— А в чем дело? Каковы симптомы?
— Очень тревожные: все, что говорит Завадский, кажется мне разумным…
Завадский родился не в рубашке, а в енотовой шубе.
Юрий Александрович Завадский в очередной раз произнес на репетиции характерную для него сентенцию и призвал коллектив подумать над каким-то вопросом:
— Одна голова хорошо, а.
— …с телом куда лучше! — успела вставить Раневская, мгновенно разрушив весь пафос выступления режиссера.
Завадский на собрании назидательно:
— Слово не воробей.
Раневская согласилась:
— Конечно! Оно голубь — нагадит так нагадит!
Завадский принялся рассуждать о необходимости профилактики гриппа и об обязанности каждого актера сделать прививку:
— Обещают, что этой зимой Москву снова свалит грипп.
Раневская тревожно:
— Постановление партии и правительства было, что ли?
На очередное замечание режиссера Завадского о том, что не мешало бы бросить курить, Фаина Раневская ответила:
— Венера тоже курила…
Пытаясь вспомнить хоть одну Венеру-актрису, Юрий Завадский озадаченно спросил:
— Какая Венера?
— Милосская.
— Кто это вам сказал?
Раневская пожала плечами:
— А почему же ей мужчины руки отбили?
Завадский со злорадным удовольствием пообещал:
— И вам отобьют, Фаина Георгиевна!
Актрису это ни капельки не смутило.
— На памятнике? Пусть отбивают. Только памятник для начала поставьте.
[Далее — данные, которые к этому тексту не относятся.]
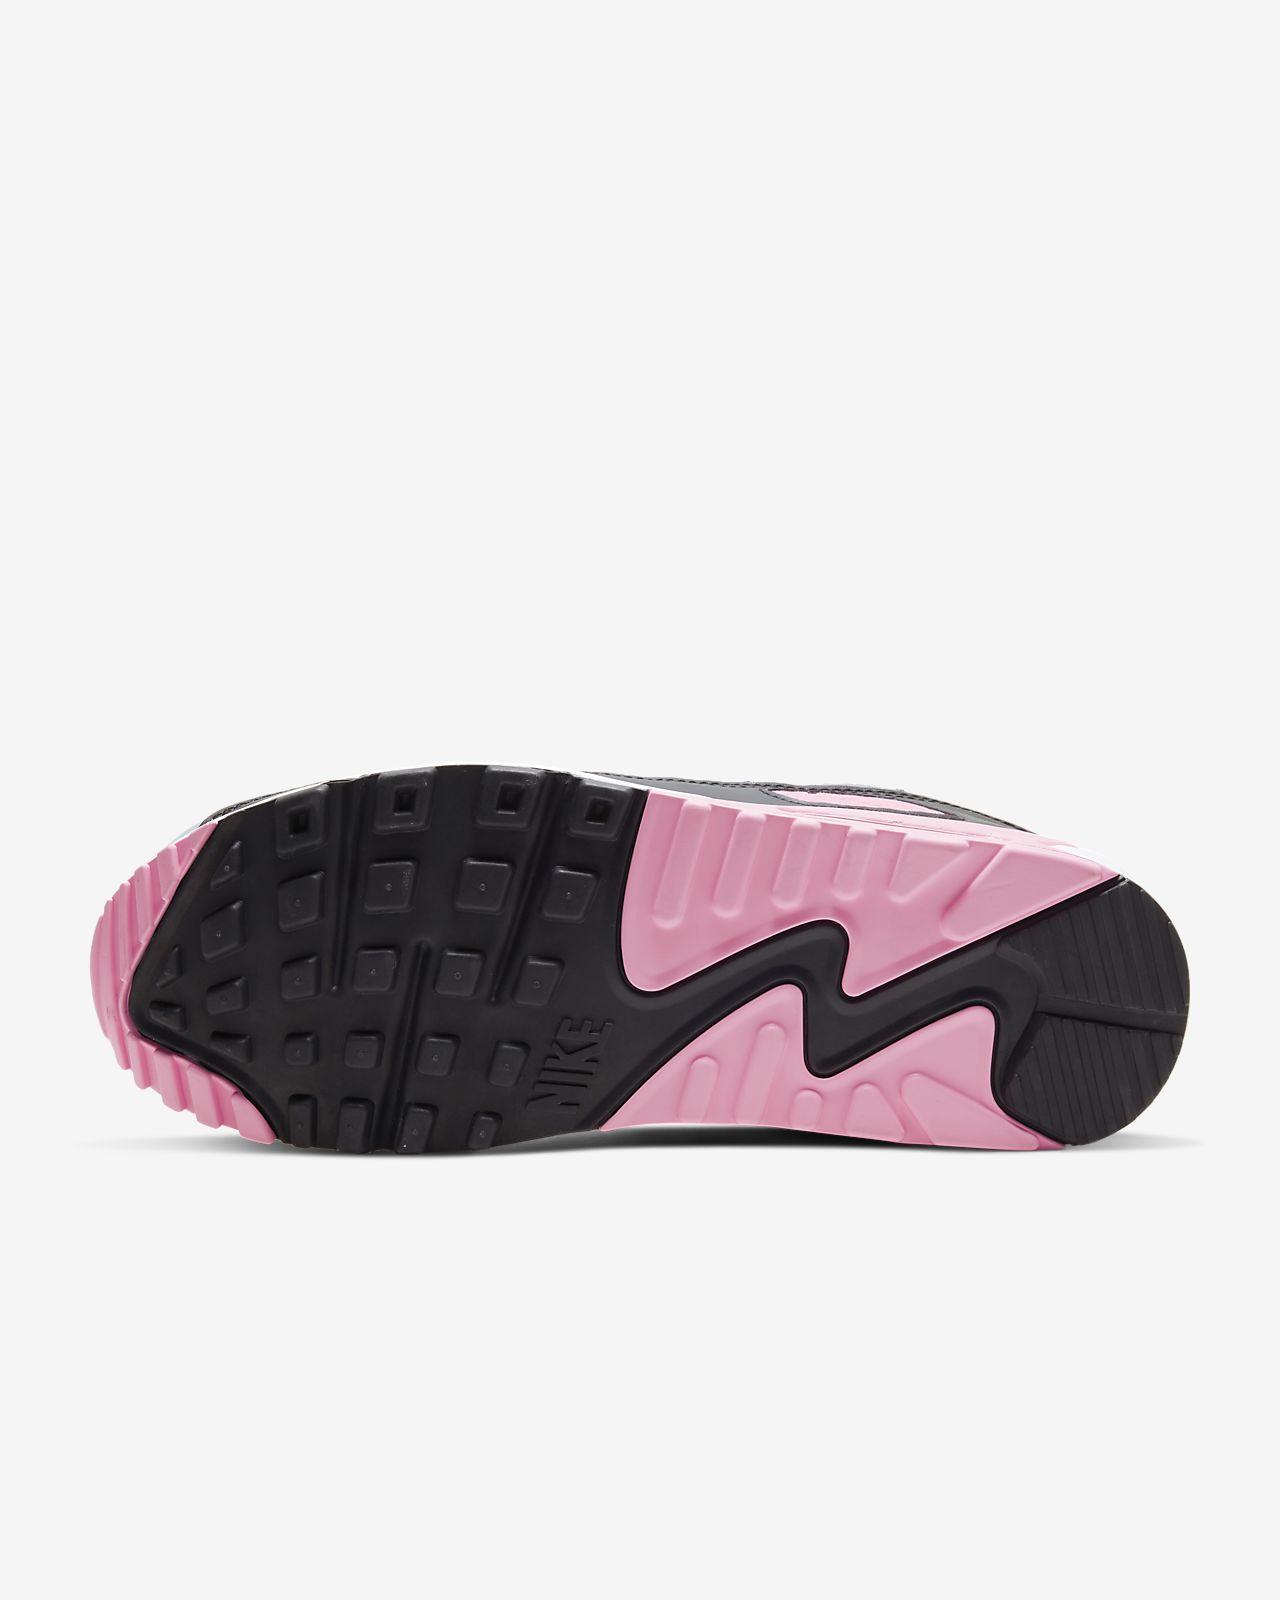 NIKE AIR MAX 90 ULTRA 819474600   Rot   79,99 €   Sneaker   ✪ ✪
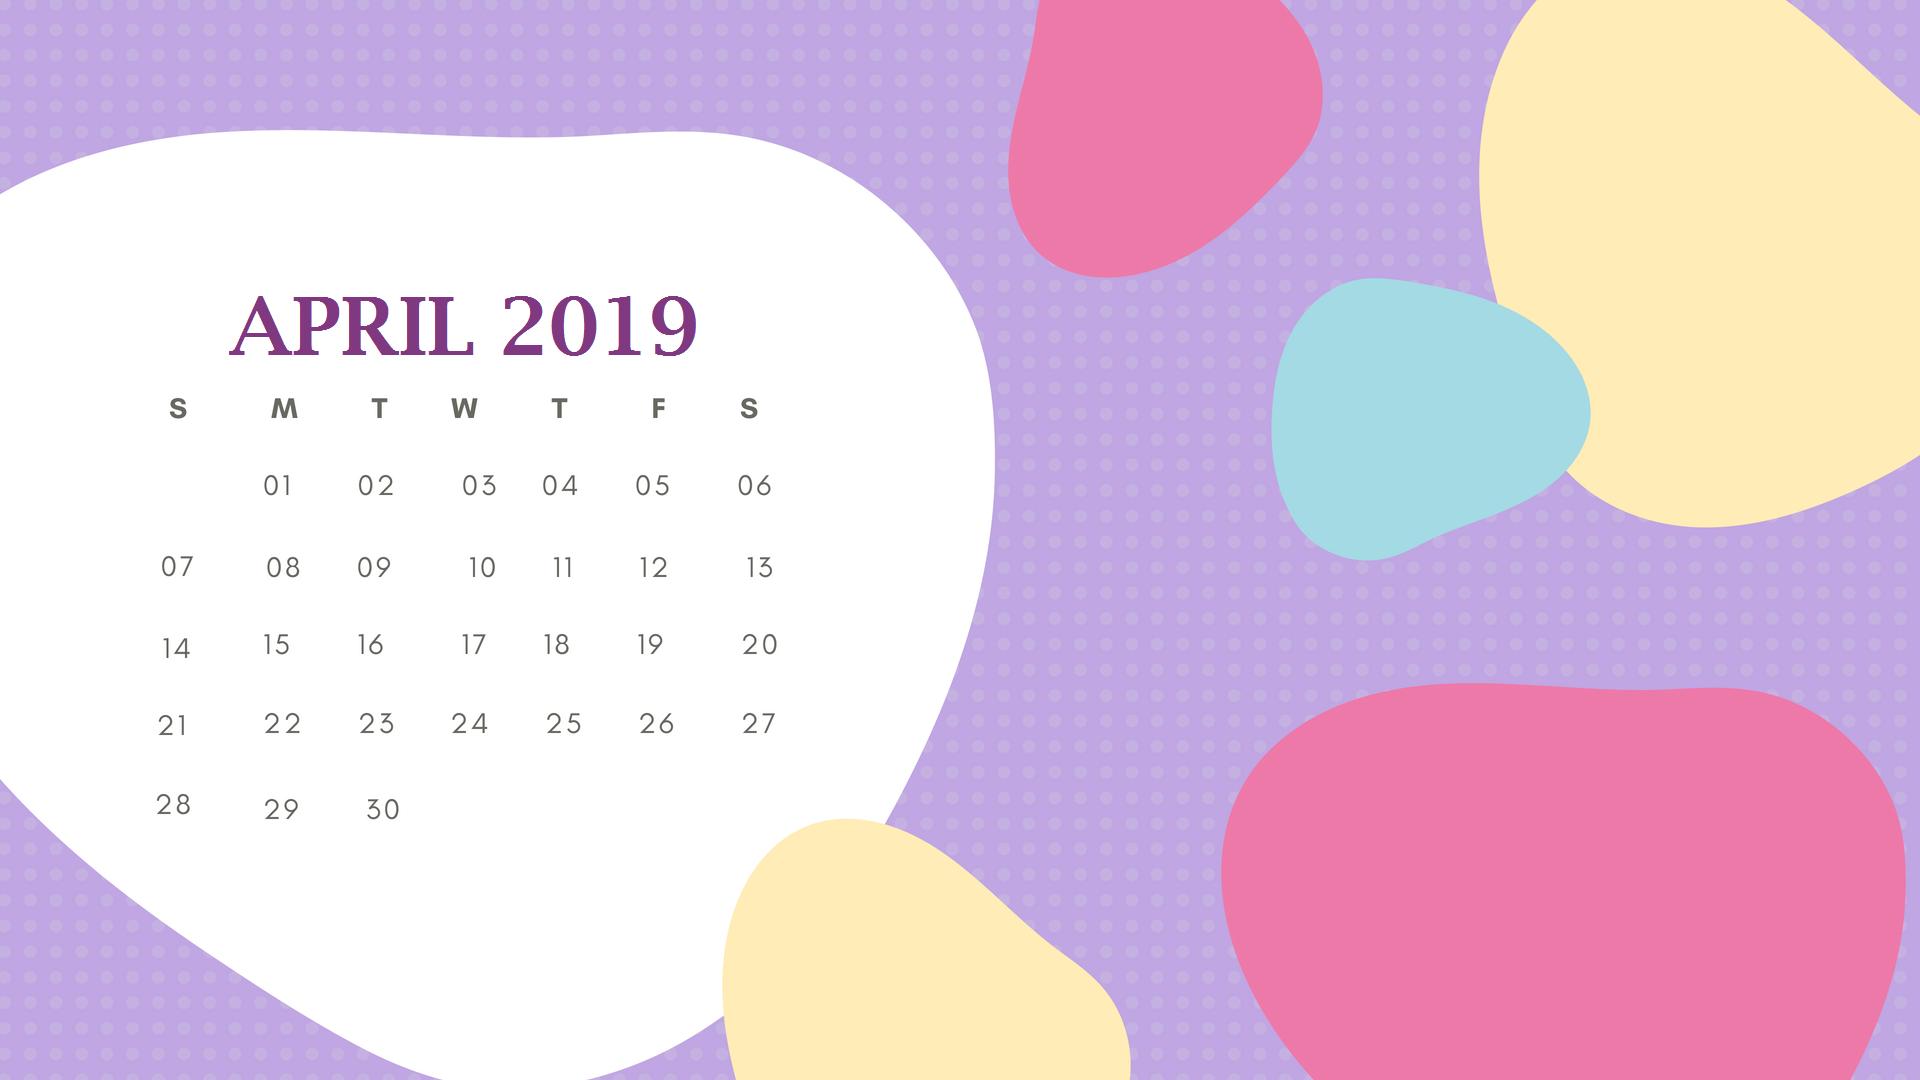 Beautiful April 2019 Calendar Template

— Зачем вы так подробно расспрашивали Завадского, видит ли он в отпуске сны? — спросила одна актриса Фаину Георгиевну.
— Хочу присниться Юрию Александровичу и испортить ему весь отпуск.
Завадский Раневской:
— Я больше не буду вам ничего советовать, вы и без того умная, придумывайте это сумасшествие сами!
— Ну нет, мне без вашей помощи с ума не сойти!
Я познакомилась с Ахматовой очень давно. Я тогда жила в Таганроге. Прочла ее стихи и поехала в Петербург. Открыла мне сама Анна Андреевна. Я, кажется, сказала: «Вы мой поэт», извинилась за нахальство. Она пригласила меня в комнаты — дарила меня дружбой до конца своих дней.
Одно время я записывала все, то она говорила. Она это заметила, попросила меня показать ей мои записи.
— Анна Андреевна, я растапливала дома печку и по ошибке вместе с другими бумагами сожгла все, что записала, а сколько там было замечательного, вы себе представить не можете, Анна Андреевна!
— Вам одиннадцать лет и никогда не будет двенадцать, — сказала она и долго смеялась.
Литературовед Зильберштейн, долгие годы редактировавший «Литературное наследство», попросил как-то Фаину Раневскую написать воспоминания об Анне Ахматовой.
— Вы ведь, наверное, ее часто вспоминаете? — спросил он.
— Ахматову я вспоминаю ежесекундно, — ответила Раневская, — но написать о себе воспоминания она мне не поручала.
А потом добавила:
— Какая страшная жизнь ждет эту великую женщину после смерти — воспоминания друзей.
В Ташкенте Ахматова часто звала меня с ней гулять. Мы бродили по рынку, по старому городу. Ей нравился Ташкент, а за мной бежали дети и хором кричали: «Муля, не нервируй меня». Это очень надоедало, мешало мне слушать ее. К тому же я остро ненавидела роль, которая дала мне популярность. Я сказала об этом Анне Андреевне.